A computing device 30 of the sort depicted in FIGS. 1 A and IB typically operate under the control of operating systems, which control scheduling of tasks and access to system resources. The computing device 10 can be running any operating system such as any of the versions of the Microsoft® Windows operating systems, the different releases of the Unix and Linux operating systems, any version of the Mac OS® or OS X for
Macintosh computers, any embedded operating system, any real-time operating system, any open source operating system, any proprietary operating system, any operating systems for mobile computing devices, or any other operating system capable of running on the computing device and performing the operations described herein. Typical operating systems include: WINDOWS XP, WINDOWS Server and WINDOWS 7 all of which are manufactured by Microsoft Corporation of Redmond, Wash.; MacOS and OS X, manufactured by Apple Computer of Cupertino, Calif; OS/2, manufactured by International Business Machines of Armonk, N.Y.; and Linux, a freely-available operating system distributed by Caldera Corp. of Salt Lake City, Utah, or any type and/or form of a Unix operating system, (such as those versions of Unix referred to as Solaris/Sparc, Solaris/x86, AIX IBM, HP UX, and SGI (Silicon Graphics)), among others. In other embodiments, the computing device 10 may have different processors, operating systems, and input devices consistent with the device. Moreover, the computing device 10 is typically a server, but can be any workstation, database, desktop computer, laptop or notebook computer, handheld computer, mobile telephone, smart phone, any other computer, or other form of computing or telecommunications device that is capable of communication and that has sufficient processor power and memory capacity to perform the operations described herein.

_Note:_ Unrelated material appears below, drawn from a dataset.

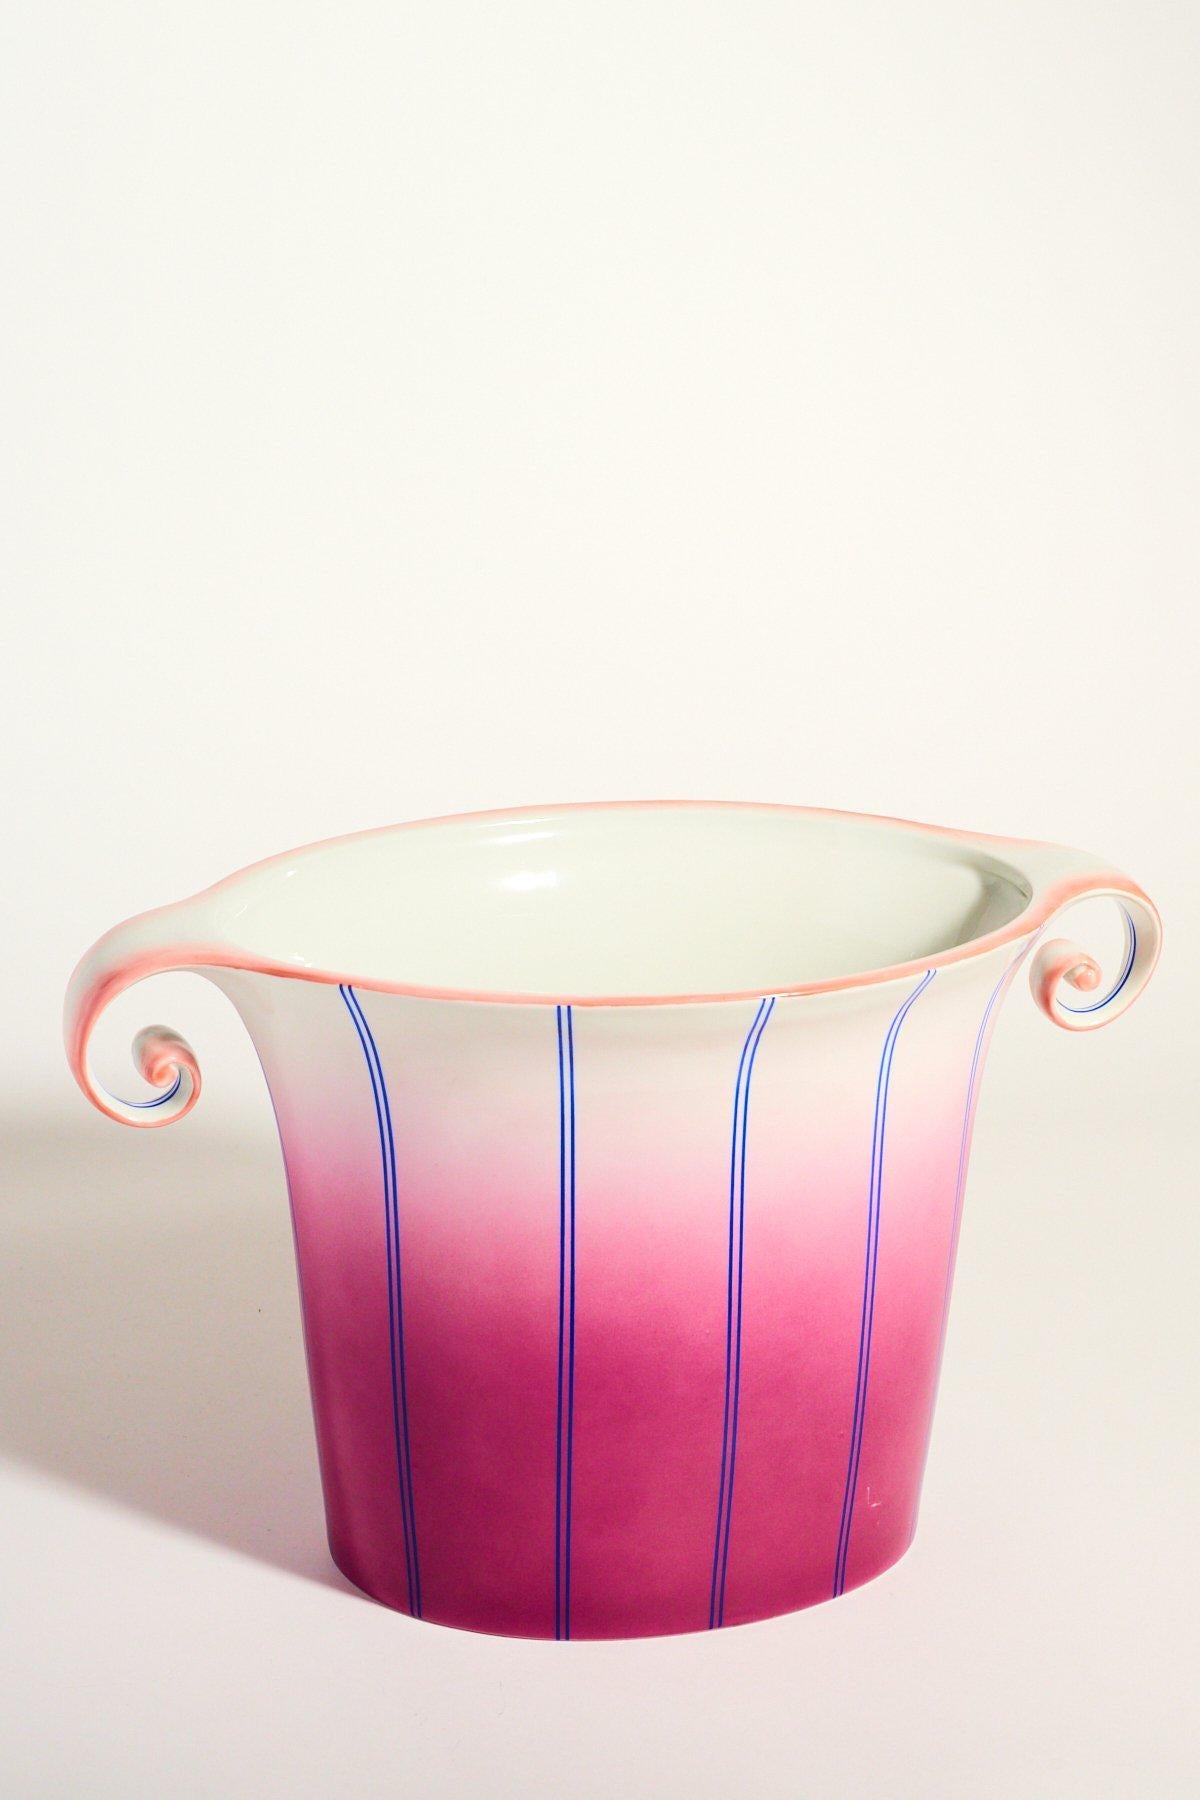 Hand-Painted Giulia Mangani Italian Porcelain Sculptural Vase

Referring to FIG. 2, an exemplary display layout 50 for a rendered web page is shown. The layout 50, however, is exemplary only and not limiting. The layout 50 may be altered, e.g., by including additional areas and by varying the positions of the dimension lines. The layout 50 represents a typical web page as displayed on a viewing screen (e.g., a monitor, internet appliance, smart phone, tablet). The layout 50 includes a top area 52, a bottom area 54, a fold dimension line 56, and a longitude dimension line 58. The fold dimension line 56 generally indicates the bottom of the monitor when the page is initially rendered. That is, the initial height of the view screen 56h is displayed, and a user may have to utilize a scroll down function in a browser to see the content in the areas below the fold dimension line 56. For example, the initial height of the view screen 56h is 700 pixels. The relative location of the longitude dimension line 58 can be more arbitrary, but the position generally represents the center of the viewing screen. For example, the distance 58w from the left edge of the viewing screen to the longitude dimension line 58 is 512 pixels. Similarly, as an example, the height of the top area 52h and the bottom area 54h are 100 pixels each. Based on the position of the fold dimension line 56 and the longitudinal dimension line 58, the layout 50 can be further subdivided into an area above the fold left (AF Left) 60, an area below the fold left (BF Left) 62, an area above the fold right (AF Right) 64, and an area below the fold right (BF Right) 68. These areas are exemplary only, and not a limitation, as additional areas and subdivisions can used in a look-alike analysis described herein.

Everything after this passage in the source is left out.